Rantin
Rantin by Kieran Hurley, the posters say. As the performance begins with a Forced Entertainment-inspired introduction and explanation of what will happen, we are quickly told to think of Kieran Hurley as a band, one of whose members happens to be Kieran Hurley. The production is, after all, a collaborative effort.
As the audience file in to Cove Burgh Hall, the four performers are already on stage, singing folk tunes and happily telling the audience to talk amongst themselves, they’re just warming up. It’s a relaxed and comfortable feeling that slips from this into the performance, where music and stories work side by side to create an image of Scotland in its present moment. A young boy leaving the islands, an American flying to Scotland for the first time, a teenage girl taking a stand, an Edinburgh business man reveling in his newest deal. These are just a few of the many voices presented, and the company’s intention to represent the voices of a nation clearly comes through, and it works. There is a mulitplicity of not one, but many Scottish identities being formed, each just as integral to the nation as the next.

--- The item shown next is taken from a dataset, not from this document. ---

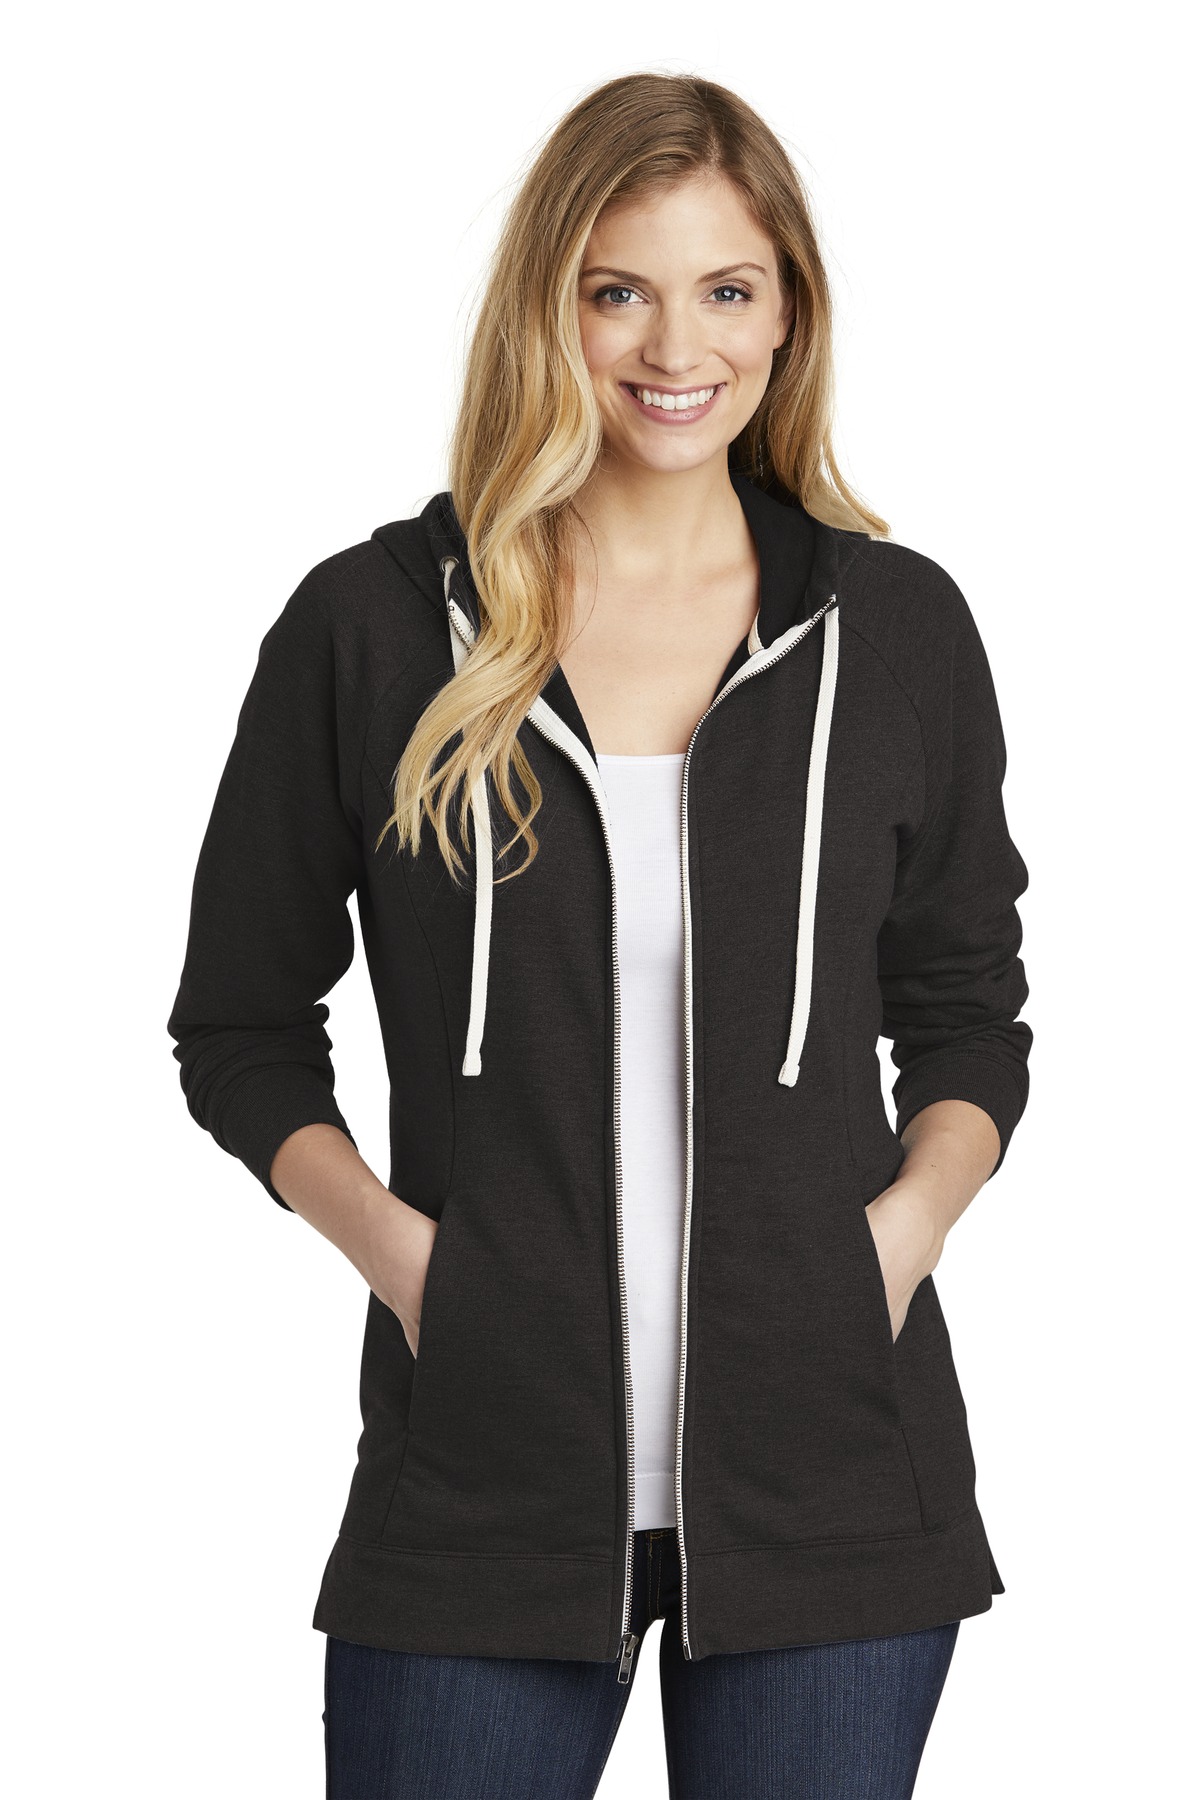 District Ladies Sweatshirts & Fleece for Hospitality ® Womens Perfect Tri ® French Terry Full-Zip Hoodie.-District

Although it may not be a political piece, it is a play for Scotland’s present and for Scotland’s future. A play for the power that each individual voice should have, even if they don’t realise it. As the performers slip between different narratives, each new or returning character is denoted by a simple item of clothing, and it seems they are not presenting separate narratives at all, but the singular narrative of a diverse country.
Live music, drawing on Scottish folk tradition, at times incorporating Gaelic and encouraging the audience to sing or hum along, glues the narrative together and it is the recurring MacPherson’s Rant that most sticks in the mind. We are reminded that while a rant may conjure up thoughts of anger, it can also be an expression of joy, and that is the positive note that Rantin aims to leave you dwelling on.